Rats were deeply anesthetized and perfused transcardially first with 100 ml 10 mmol/L PBS (pH 7.4) and then with 100 ml fixative (4% (w/v) paraformaldehyde, 15% (w/v) saturated picric acid, and 10 mmol/L PBS). The brains were removed and post fixed in fixative for 1 d. Coronal blocks (3 mm) were cryoprotected overnight in 30% (w/v) sucrose. We removed the brains and either cryopreserved tissue blocks for cryostat sectioning (30 μm) or embedded them in paraffin for sections (7 μm). The coronal sections through the dorsal hippocampus (at the level corresponding to 2.8~4.5 mm posterior to bregma) were selected, and each one-seventh section of the hippocampus (6 sections per animal) was examined for quantitative immunohistochemical analysis. Immunohistochemistry was carried out as described previously. The specimens were fixed in 4% (w/v) paraformaldehyde in PBS (pH 7.5) for 40 min, washed with PBS, incubated for 2 h with blocking buffer (2% (w/v) horse serum/1% (w/v) bovine serum albumin (BSA)/0.1% (w/v) Triton X-100 in PBS, pH 7.5), then incubated with primary antibodies overnight at 4°C and with secondary antibodies for 1 h at room temperature.
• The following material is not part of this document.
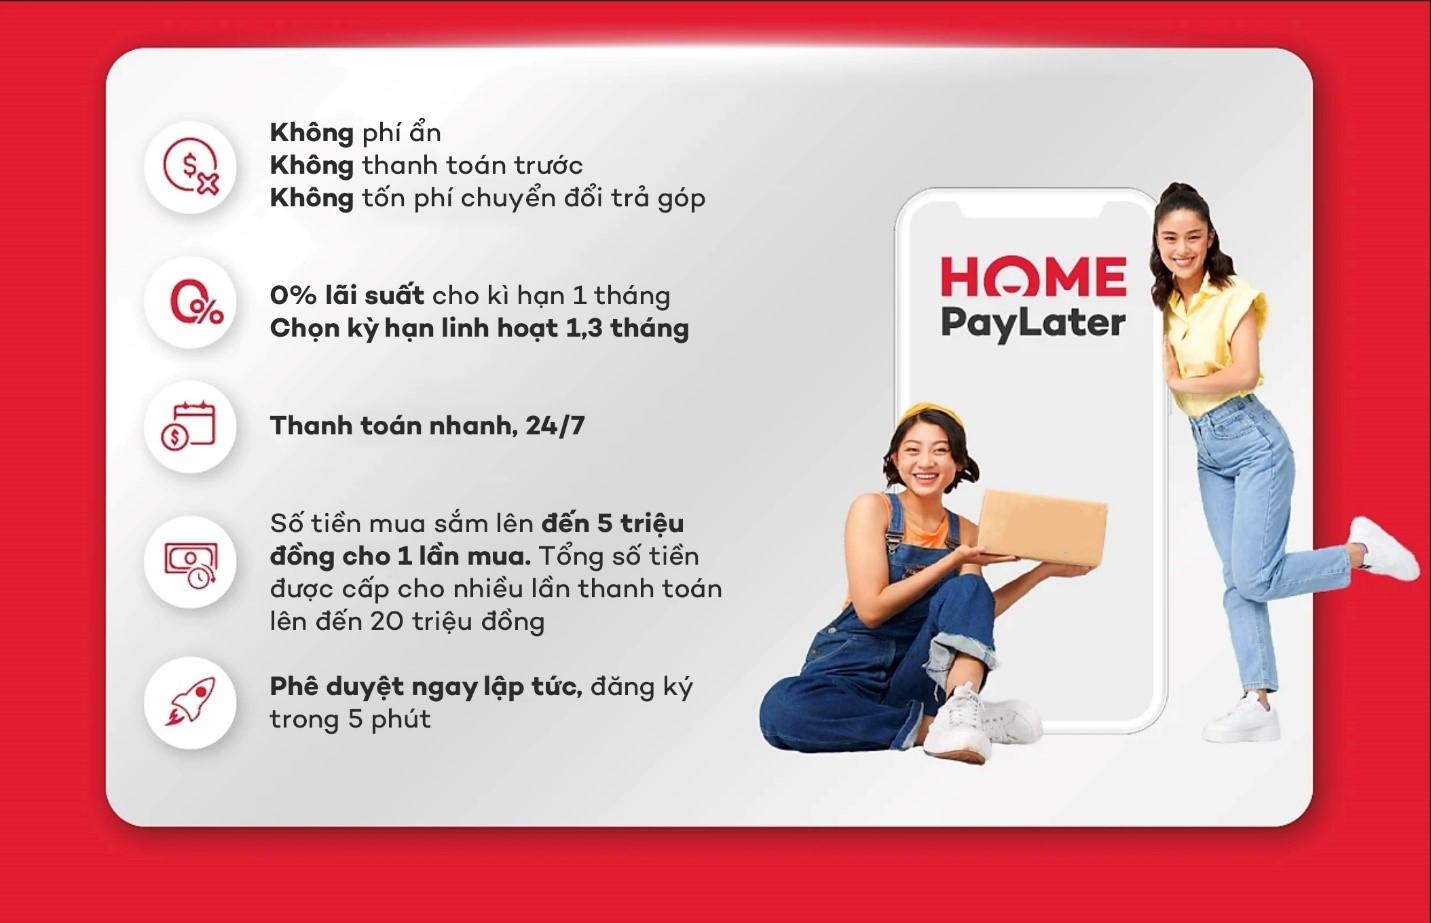 Home PayLater - Trải nghiệm mua sắm hiện đại và cơ hội nhận ngay khuyến mãi hot - 2

Primary antibodies used as markers for the activation of the mTOR pathway were rabbit anti-murine polyclonal antibody to p-S6 (1:300, Santa Cruz, Inc., USA); glial fibrillary acidic protein (GFAP, 1:200, Santa Cruz, Inc. USA) for the markers of the activation of astrocyte; for the mouse anti-rat OX-42 antibodies (1:500, Chemicon, USA) as a marker of microglia. Biotinylated goat antirabbit IgG (ABC, Sigma, USA) and anti-mouse IgG (1:100, Biodesign, USA) or tetramethylrhodamine isothiocyanate (TRICT)- conjugated anti-mouse antibody were used as the secondary antibodies. Double immunostaining used primary antibodies directed to monoclonal anti-BrdU (1:300, Pharmingen, USA) and TRICT-conjugated secondary anti-mouse antibody to label newly generated cells. GFAP and an anti-mouse fluorescein isothiocyanate (FITC)-conjugated secondary antibody (1:100, Vector Laboratories, USA) were used to label astroglial cells. The colocalization was analyzed using a laser scanning confocal microscope with a Bio-Rad MRC 1024 (argon and krypton). The fluorescence signals were detected at excitation/emission wavelengths of 550/620 nm (TRICT, red) and 488/522 (FITC, green), respectively. Biotin signals were detected with 3,3’-Vdiaminobenzidine (DAB, brown)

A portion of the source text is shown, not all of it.